■ Listed entries:
□ □ □ □

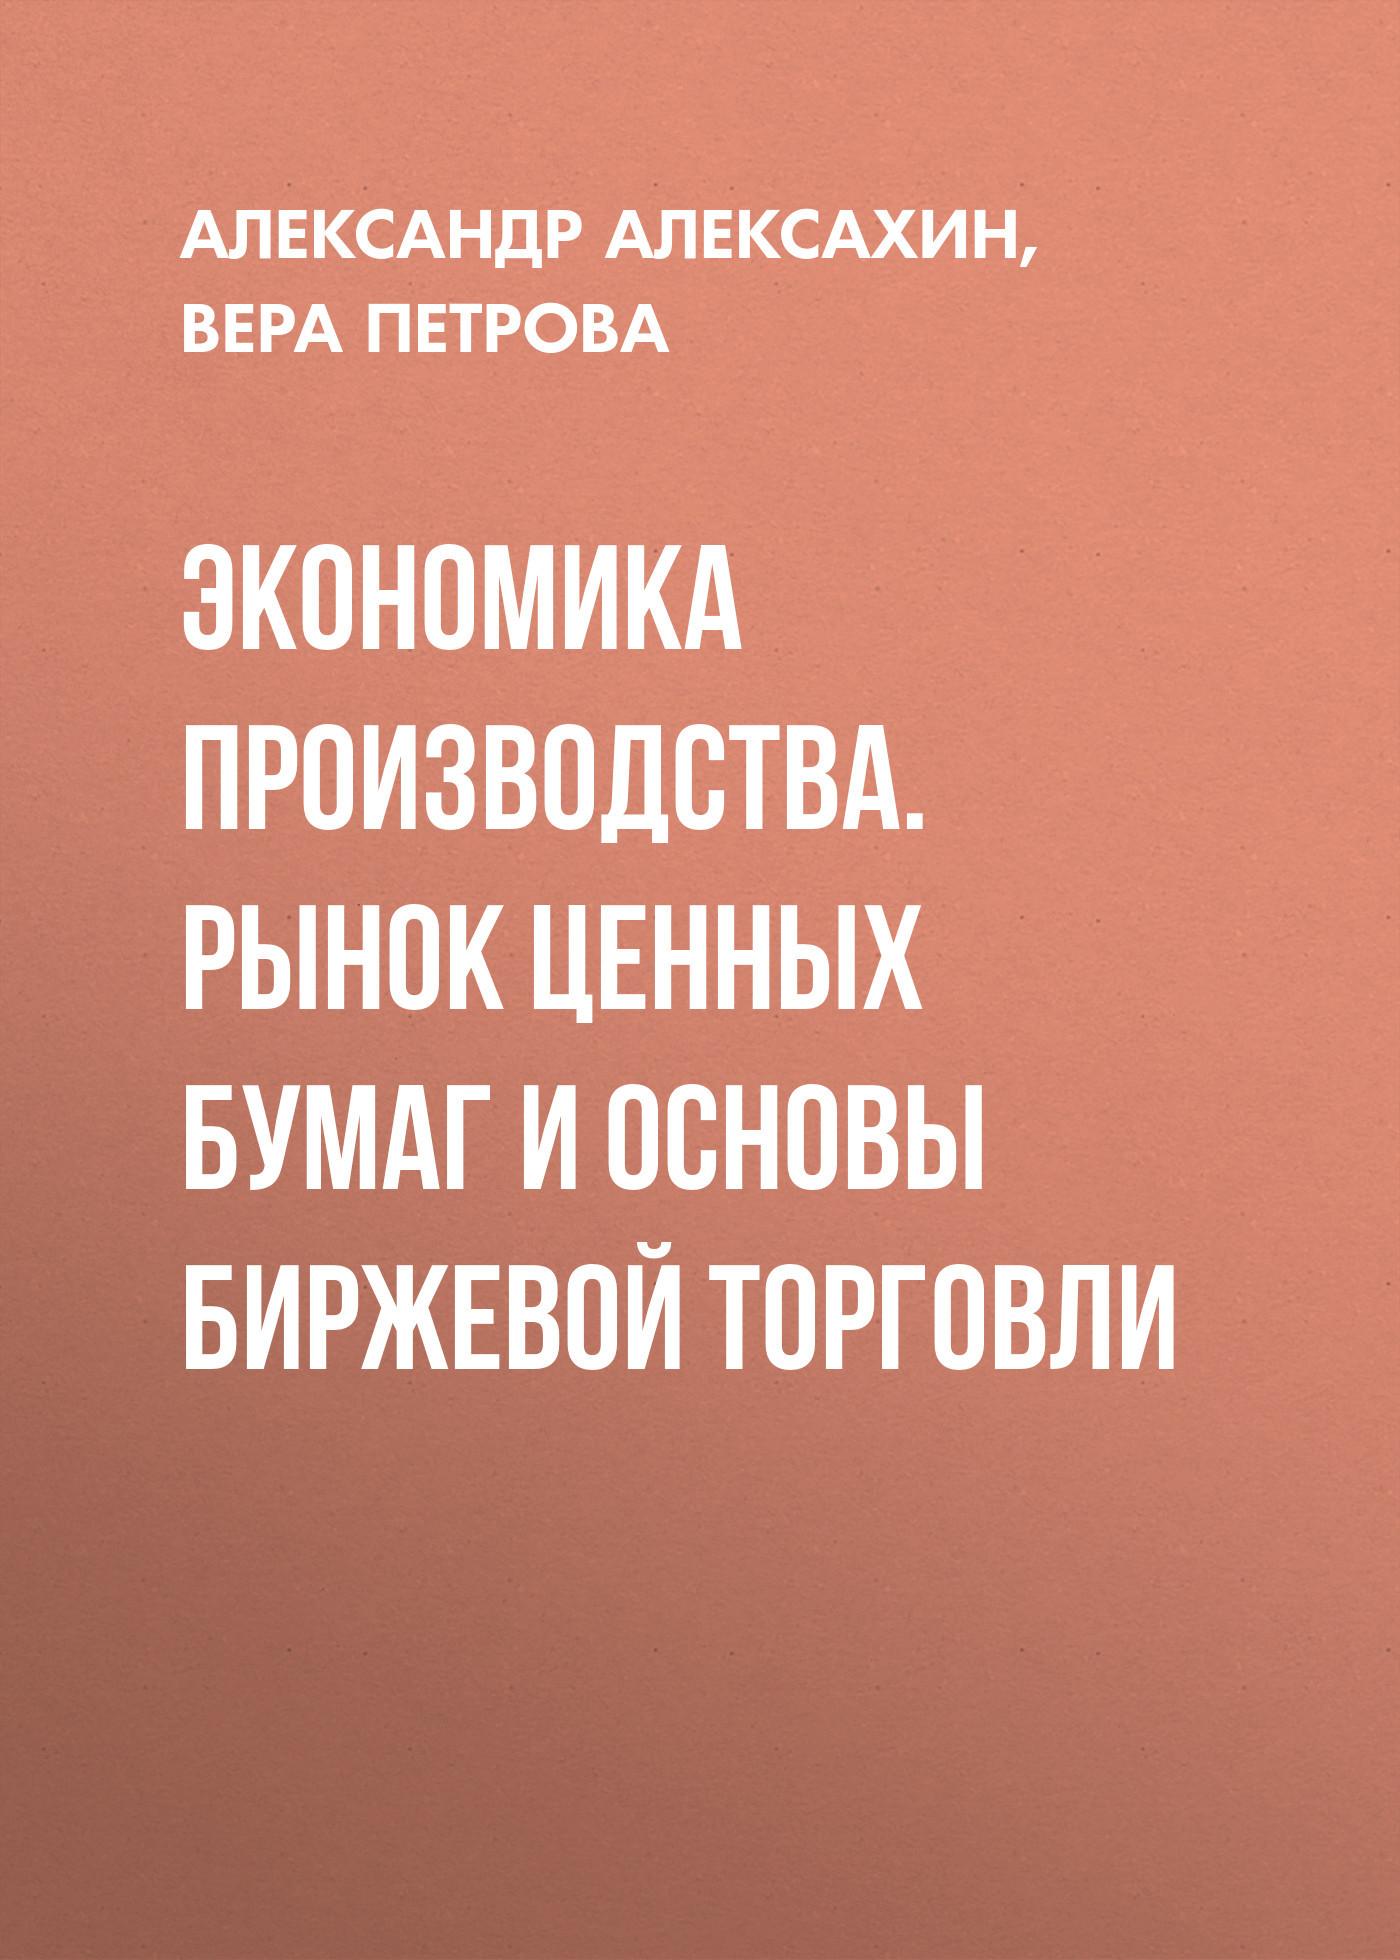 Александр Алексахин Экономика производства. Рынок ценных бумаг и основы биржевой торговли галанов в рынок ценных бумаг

□ □ □ □

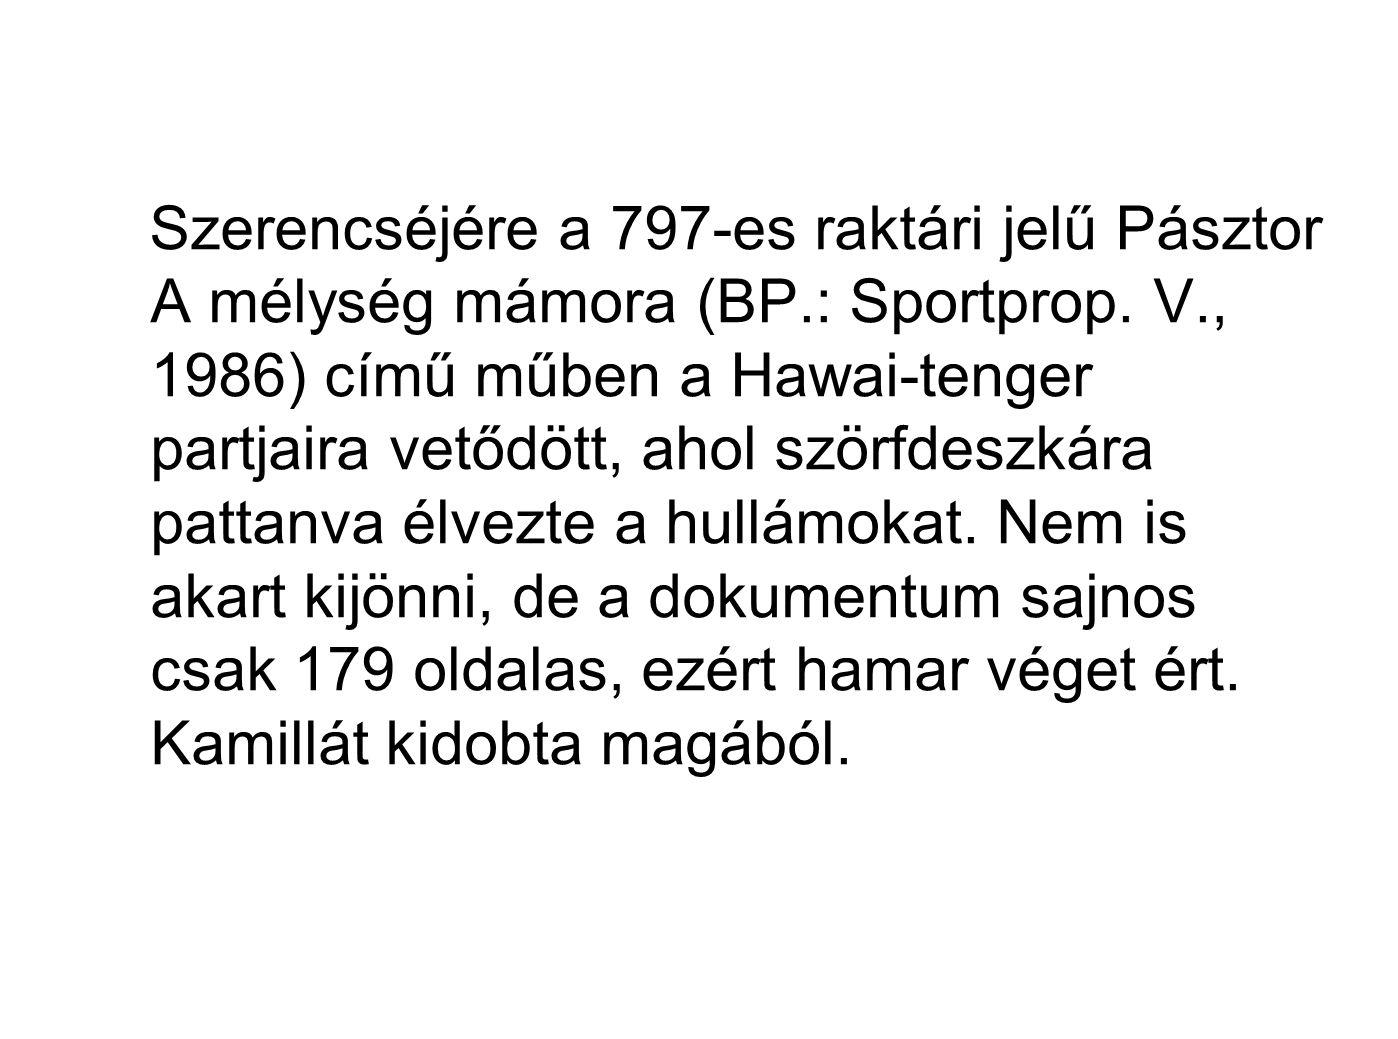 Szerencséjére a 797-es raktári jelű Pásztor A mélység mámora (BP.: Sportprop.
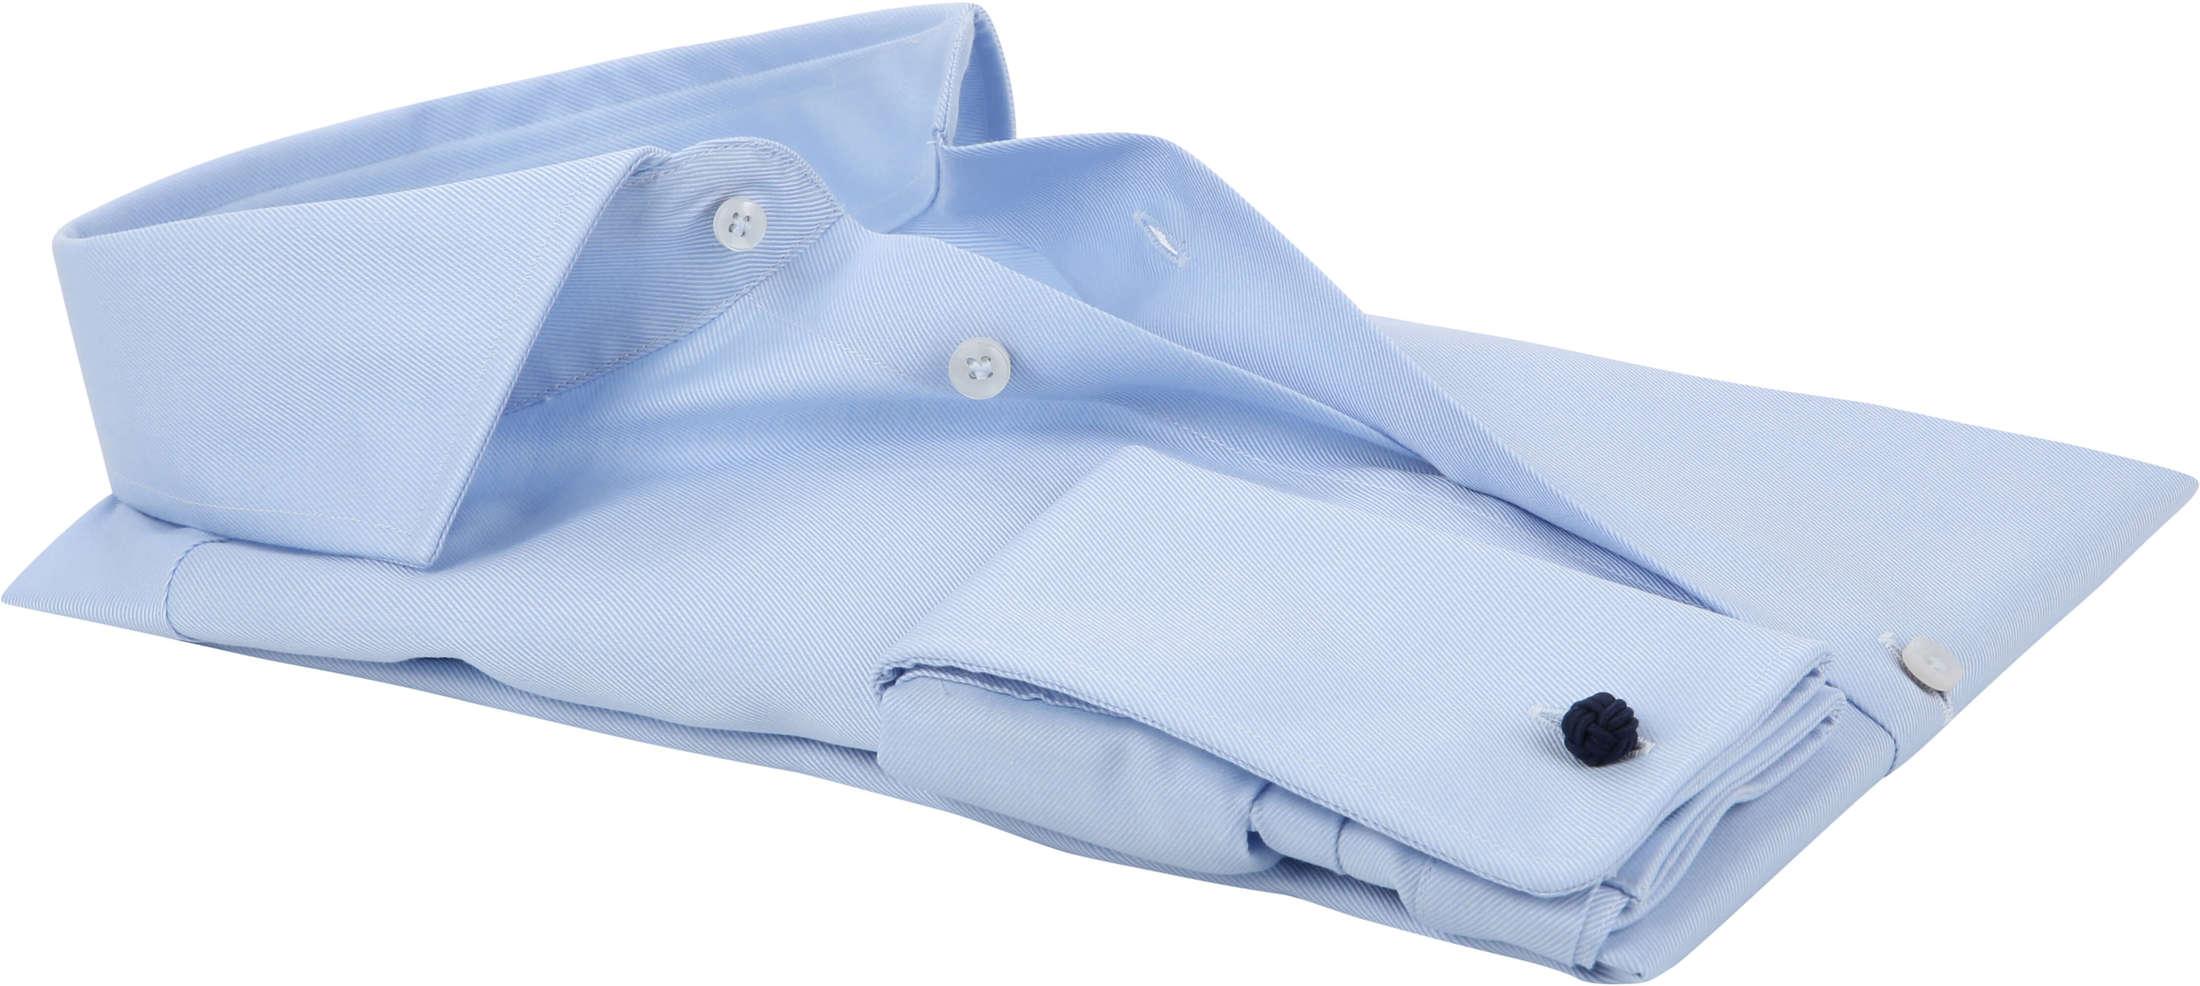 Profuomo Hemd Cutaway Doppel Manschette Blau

□ □ □ □

Within these entries, output exactly the lines starting at the one with "Szerencséjére a 797-es" and finishing at the one with "Profuomo Hemd Cutaway Doppel Manschette Blau". Leave pictures out of the output.

■ Answer section:
 Szerencséjére a 797-es raktári jelű Pásztor A mélység mámora (BP.: Sportprop.
 Profuomo Hemd Cutaway Doppel Manschette Blau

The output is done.